Kubernetes operators are widely used open-source software for container orchestration that automates the deploying, scaling, and managing of workloads of the container.
However, these same principles confine its initial capability to a limited range of commands and actions accessible via APIs. To execute more complicated tasks, this set must be expanded and more sophisticated automation developed, tailored to unique applications and their specific sphere of activity. This is where the operators come in.
Kubernetes Operators oversee application logic and are part of the Kubernetes control plane. Simplicity, flexibility, and automation enable the design of Operators. These are also the fundamental ideas behind the Kubernetes architecture.
Most common Kubernetes Operators
- RBAC Manager Operator: Fairwinds built this Kubernetes operator to make it easier to implement RBAC on Kubernetes. RBAC Manager allows you to simply set up and maintain RBAC settings with minimal manual effort.
- Grafana Operator: The Grafana operator is used to make it easier to launch, configure, and manage Grafana instances on Kubernetes. In addition to making Grafana deployments easier, the operator provides a variety of other services.
- HPA Kubernetes Operator: The Horizontal Pod Autoscaler (HPA) operator monitors Deployments and StatefulSets before automatically deleting, updating, or creating HPAs based on specified annotations in the configuration file.
- Starboard Operator: Starboard incorporates security tools into the Kubernetes environment, allowing users to directly identify and visualize threats associated with various Kubernetes resources.
Benefits of Kubernetes Operators
Below are some benefits of Kubernetes operators
- Kubernetes operators encapsulate best practices and operational processes into Kubernetes-based software.
- Kubernetes extensions that operate on the cluster hosting the managed workload. Operator capabilities include extensive installation and update processes, lifecycle events like backups, restorations, failovers, failbacks, and metrics-driven scalability.

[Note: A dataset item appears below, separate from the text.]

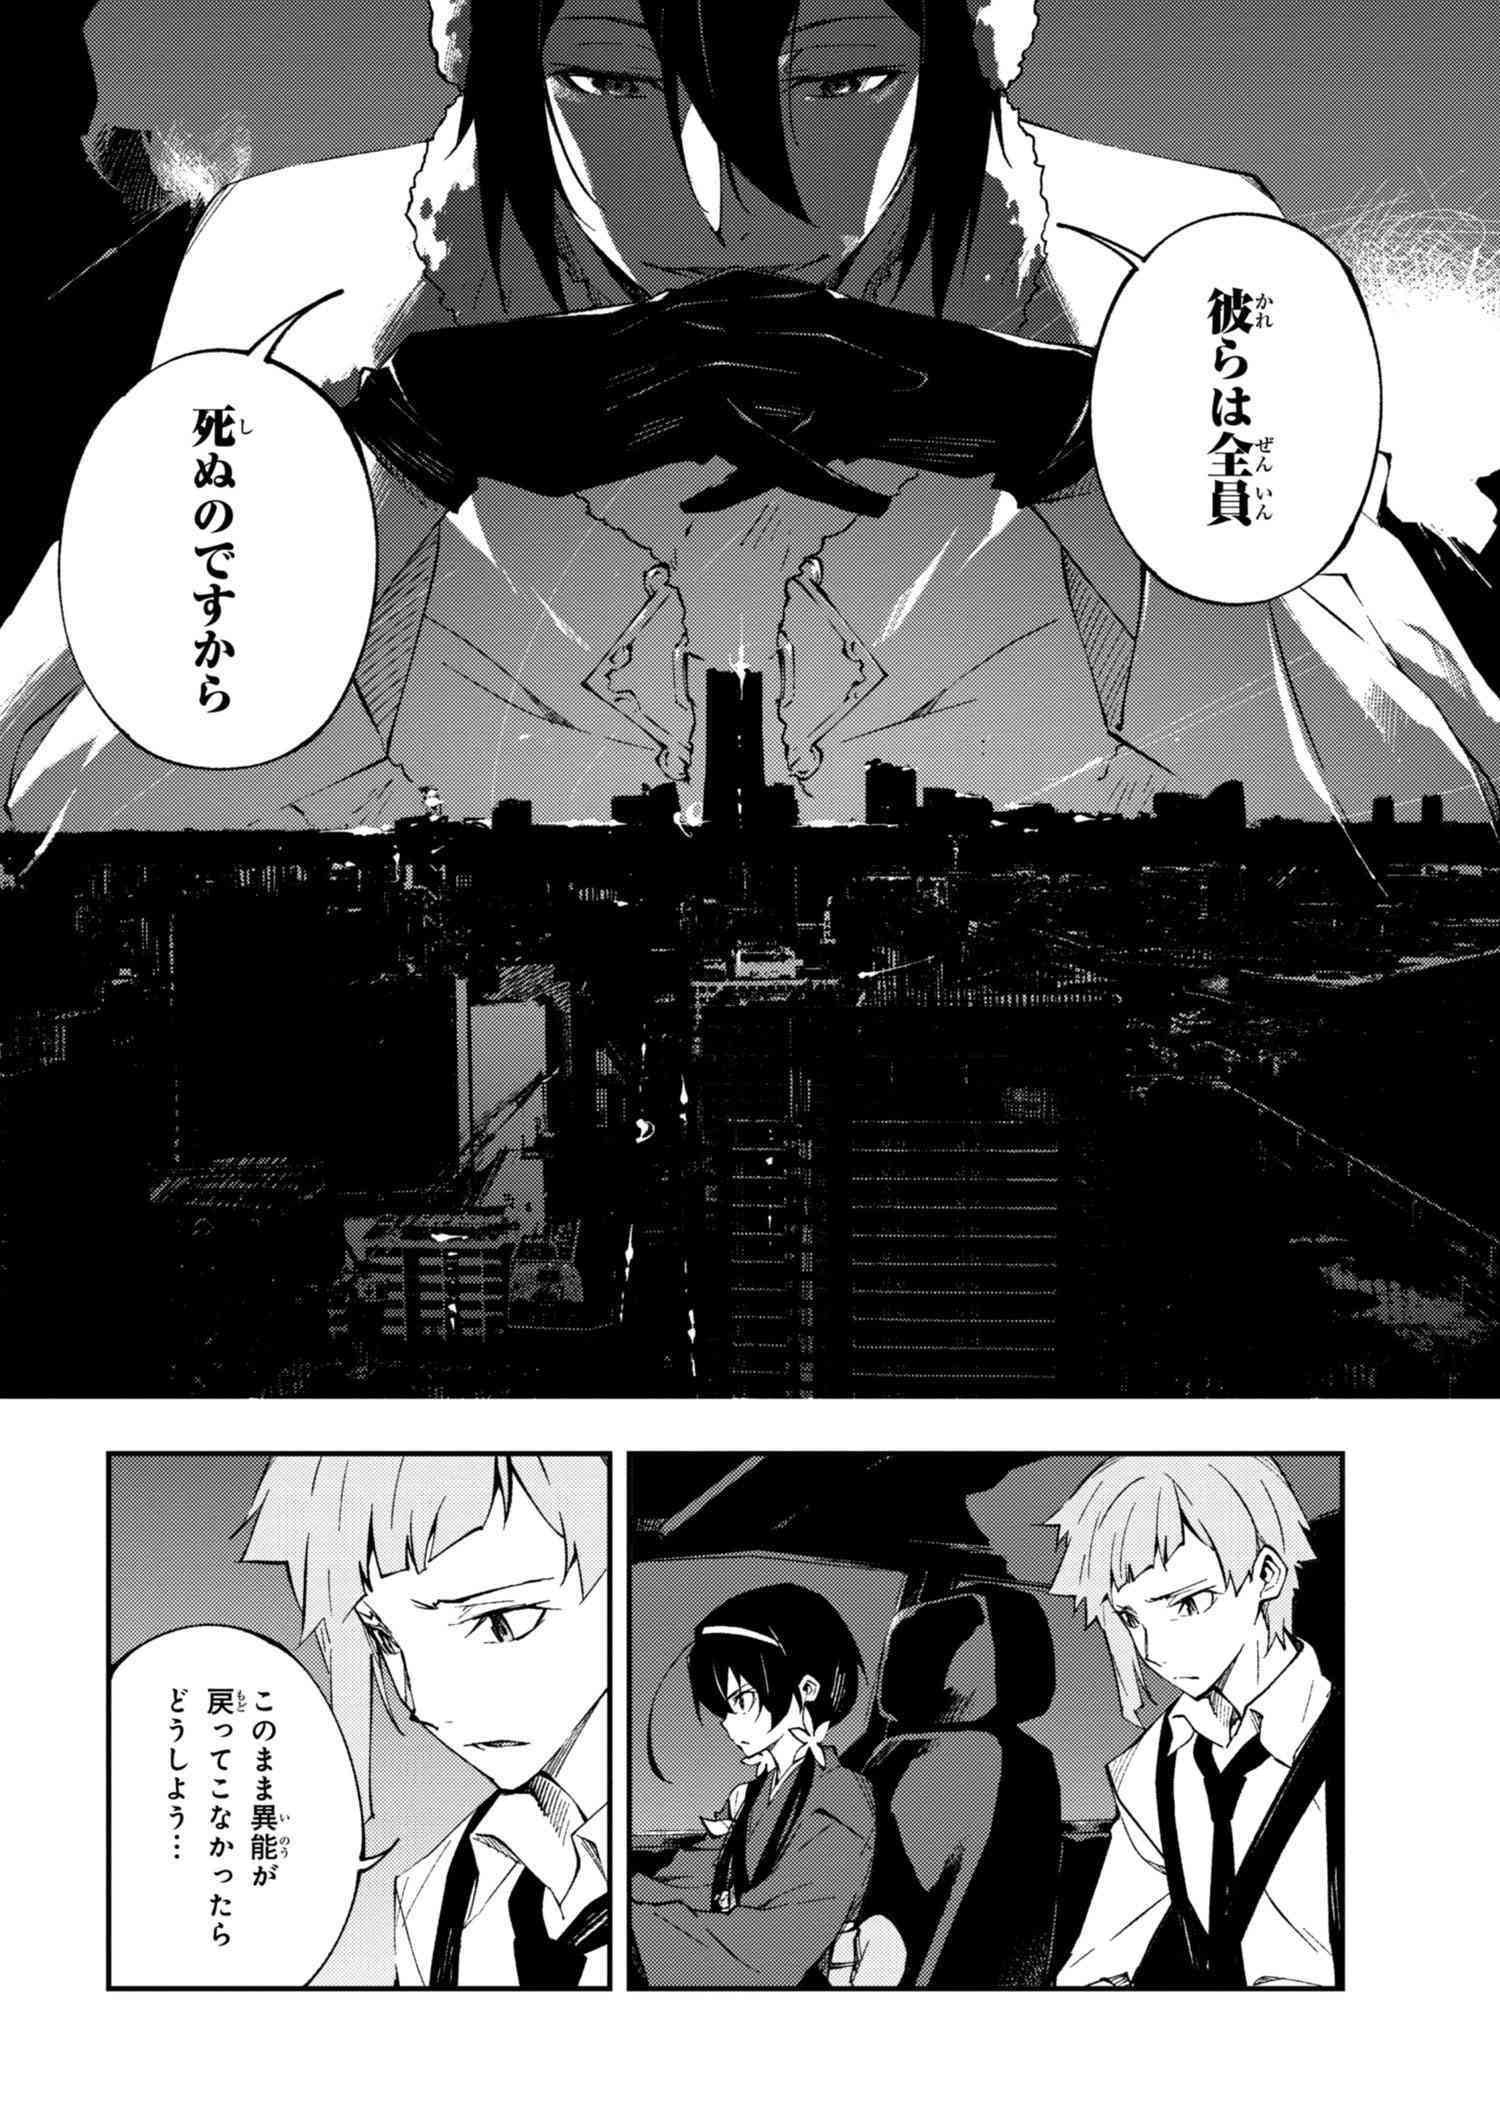 Bungou Stray Dogs: Dead Apple - Chapter 4-1 - Page 15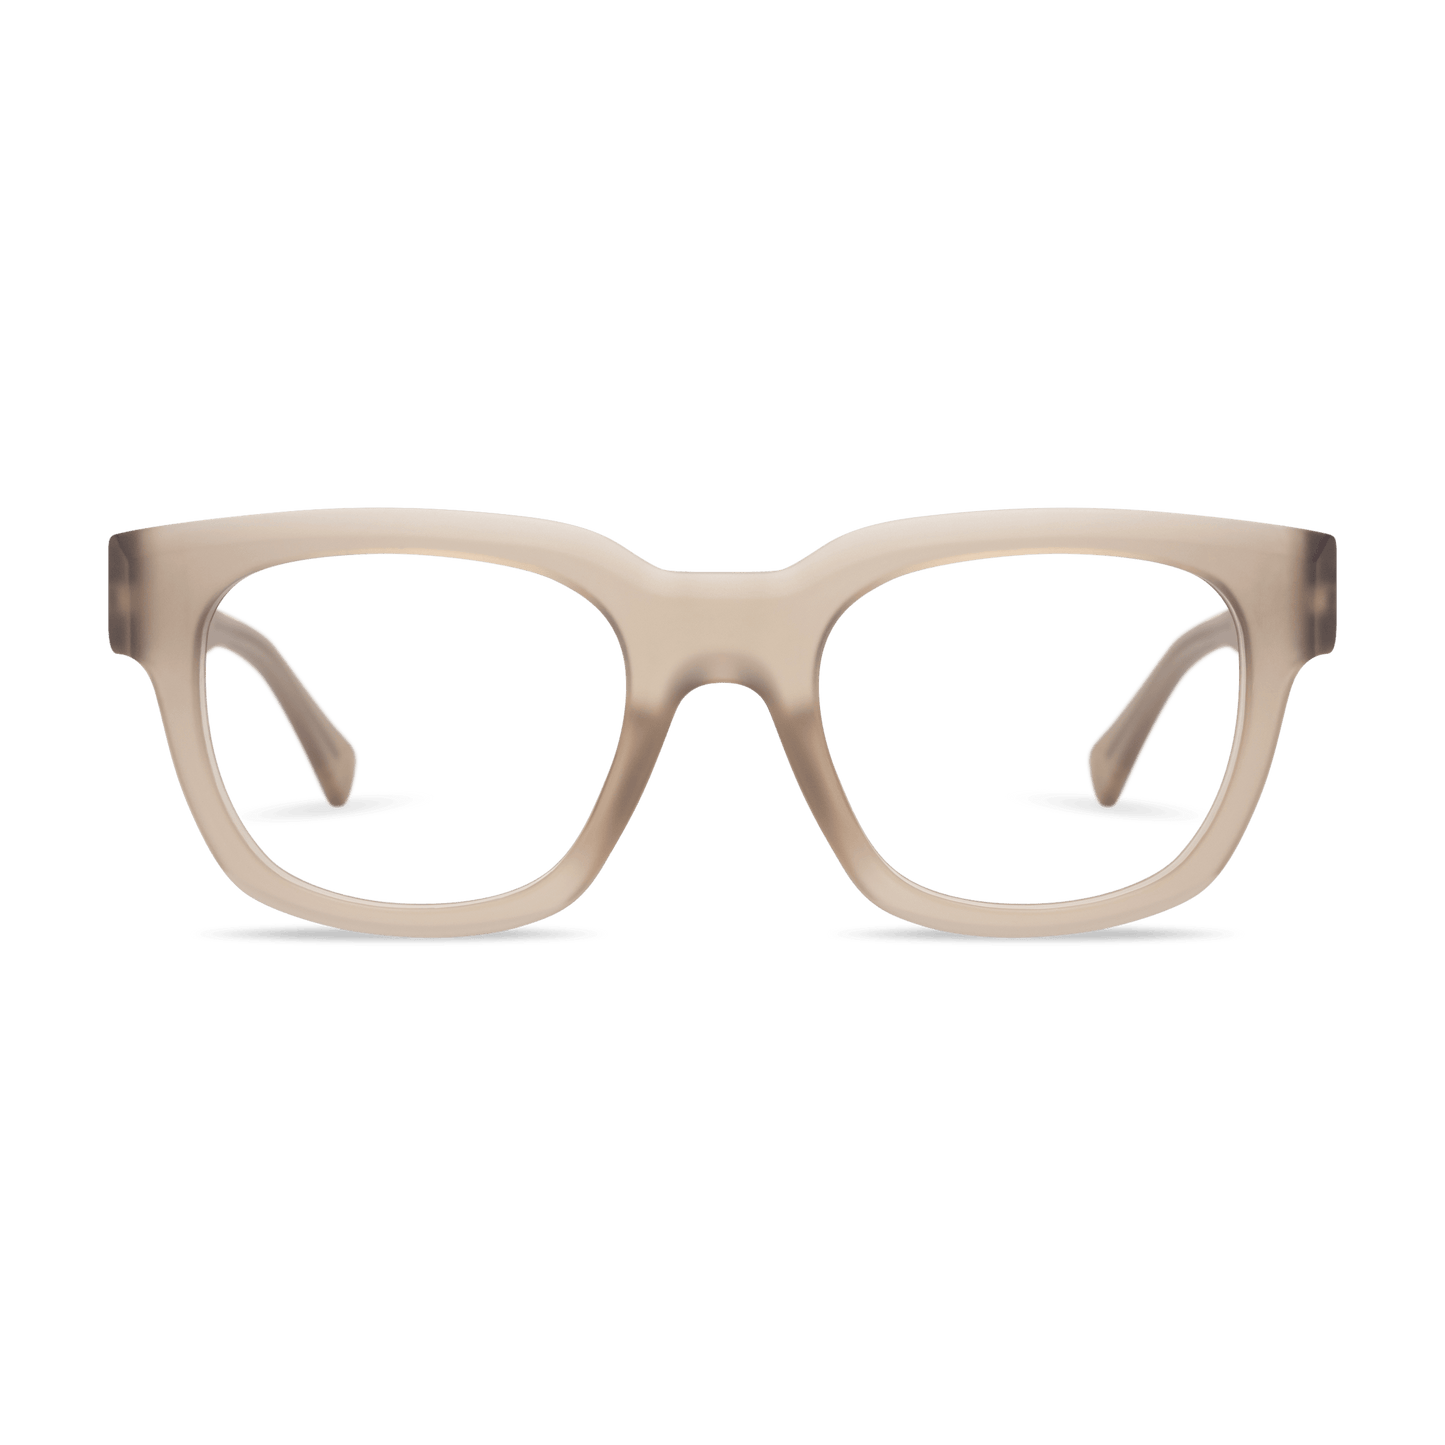 Kaine Readers READING GLASSES LOOK OPTIC Taupe +1.00

- Kubernetes-driven development focuses on stateless, front-end, and API-centric apps, operators bring the entire stack into the environment. This simplifies configuration and maintenance, as Kubernetes becomes an important portability component for IT and engineers.
- Operators also improve uptime and cheaper operational labor by automatically correcting configuration drift. Because this can be accomplished using Kubernetes' extension capabilities, the approach is platform agnostic and driven by the Kubernetes community.
Conclusion
In this article, we have learned about Kubernetes operators. Kubernetes operators are difficult to develop from scratch. They need programming abilities and a deep understanding of Kubernetes' native controllers and operational mechanisms.